How does a return statement work after a finally block in java?

Question

Here's an example from the book "Java All-in-one desk reference"

public class CrazyWithZeros {
public static void main(String[] args) {
    try {
        int answer = divideTheseNumbers(5, 0);
    } catch (Exception e) {
        System.out.println("Tried twice, still didn't work!");
    }
}

public static int divideTheseNumbers(int a, int b) throws Exception {

    int c;
    try {
        c = a / b;
        System.out.println("It worked!");
    } catch (Exception e) {
        System.out.println("Didn't work the first time.");
        c = a / b;
        System.out.println("It worked the second time!");
    } finally {
        System.out.println("Better clean up my mess.");
    }
    System.out.println("It worked after all.");
    return c;

}

}

After the finally clause executes, the ArithmeticException is thrown back up to the calling method. The statement System.out.println("It worked after all."); would never be executed in this case. But what happened to the return c; ?

I wonder whether the return statement would still return the result of the division or not?

========

I tried to replace " System.out.println("Better clean up my mess."); " with " System.out.println(c); ", then it's compiled and the results are as follows:

 Didn't work the first time. 0 Tried twice, still didn't work! 

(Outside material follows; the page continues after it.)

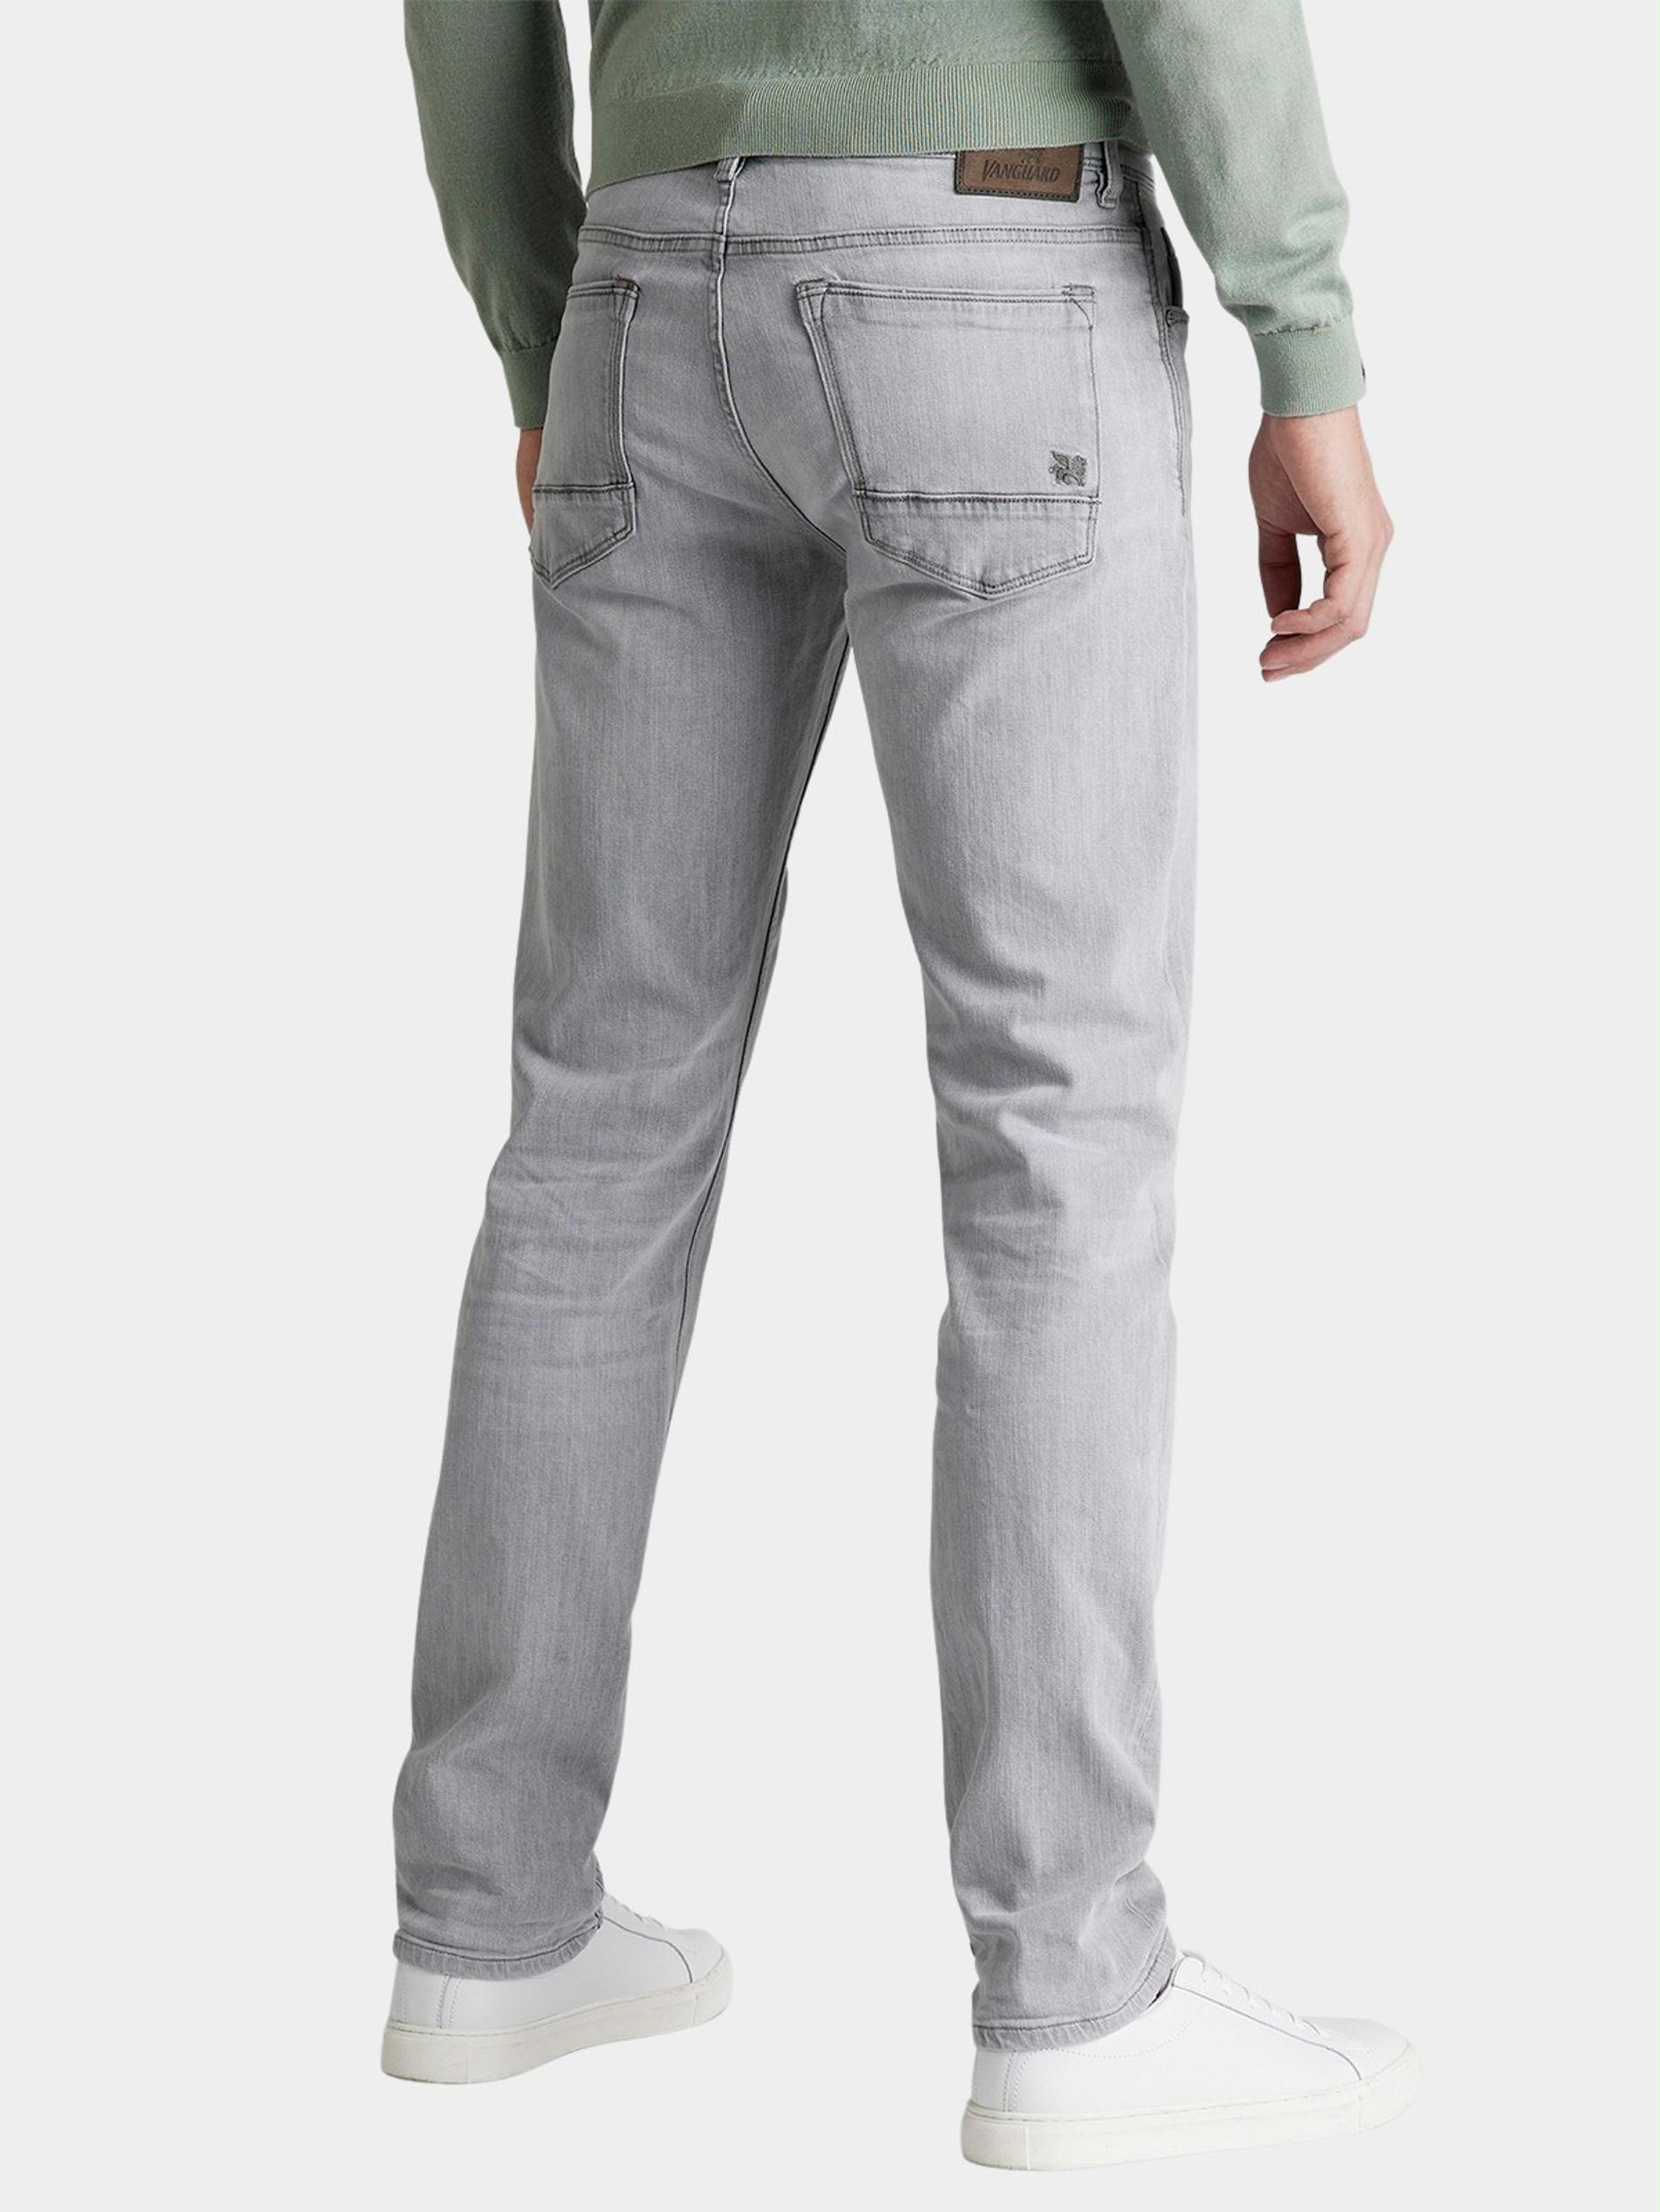 vertaler olifant mozaïek Vanguard 5-Pocket Jeans Grijs V7 RIDER LIGHT GREY COMFORT VTR2203705/LGC |  Bos Men Shop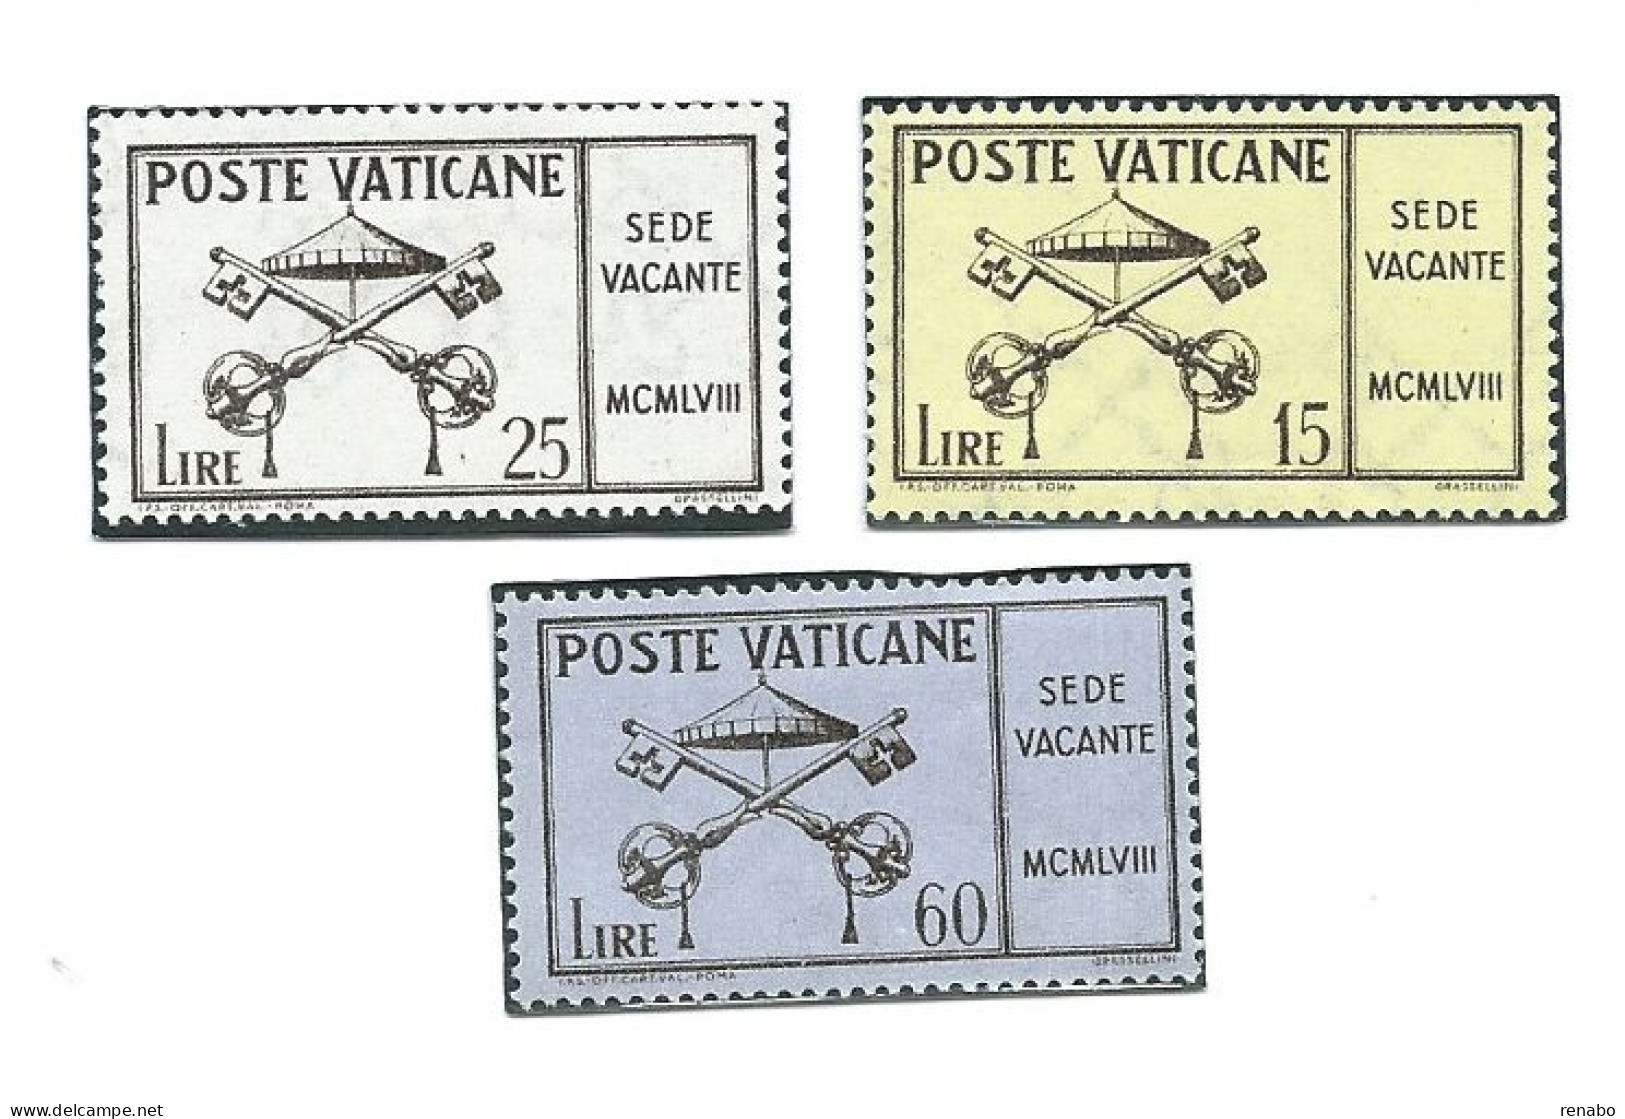 Vaticano 1958 ; Sede Vacante. Serie Completa, Nuova. - Nuovi

I can't believe the variable c could be calculated. (it's the wrong number, though) Why could this happen?

Then I also tried to replace " System.out.println("Better clean up my mess."); " with " return c; " and deleted the statements below the finally block, it's compiled again...Since the finally block is executed whether or not any exceptions are thrown by the try block or caught by any catch blocks, the return c; should be executed. But here're the results:

Didn't work the first time.

looks like c couldn't get returned...

Answer 1

return c is not executed either. It goes straight to the catch block in your main method.

Answer 2

What do you expect performing an error-prone operation the second time? :)

It is gonna generate an exception of the same type you came in the catch block with, but at that time it would not be handled - you don't have another try-catch within this catch block.

The finally is executed always regardless either an exception occurs or a normal process flow proceeds. In your case, you come to the finally block with the exception and throw it to the caller ( main ) where it gets handled by its own catch block.

I wonder whether the return statement would still return the result of the division or not?

What do you want to return? You haven't initialized the variable c and there is no correct record to this variable. Therefore, Java doesn't allow to write "something unexpected or unpredictable" into the c .

Answer 3

1. A method returns some value if it is executed without exception or error.
2. finally block does not have any impact on whether return statement will be executed or not. (of course, finally block should not throw any further exception)
3. catch block determines whether that exception should be propagated further or handled within the method.

In the given example, an ArithmeticException is thrown from try block and it will be handled by respective catch block. As catch blocks again throws the same exception, given return statement would never execute.

In short, return c; is never executed in above program and variable c will be deleted as any other local variable.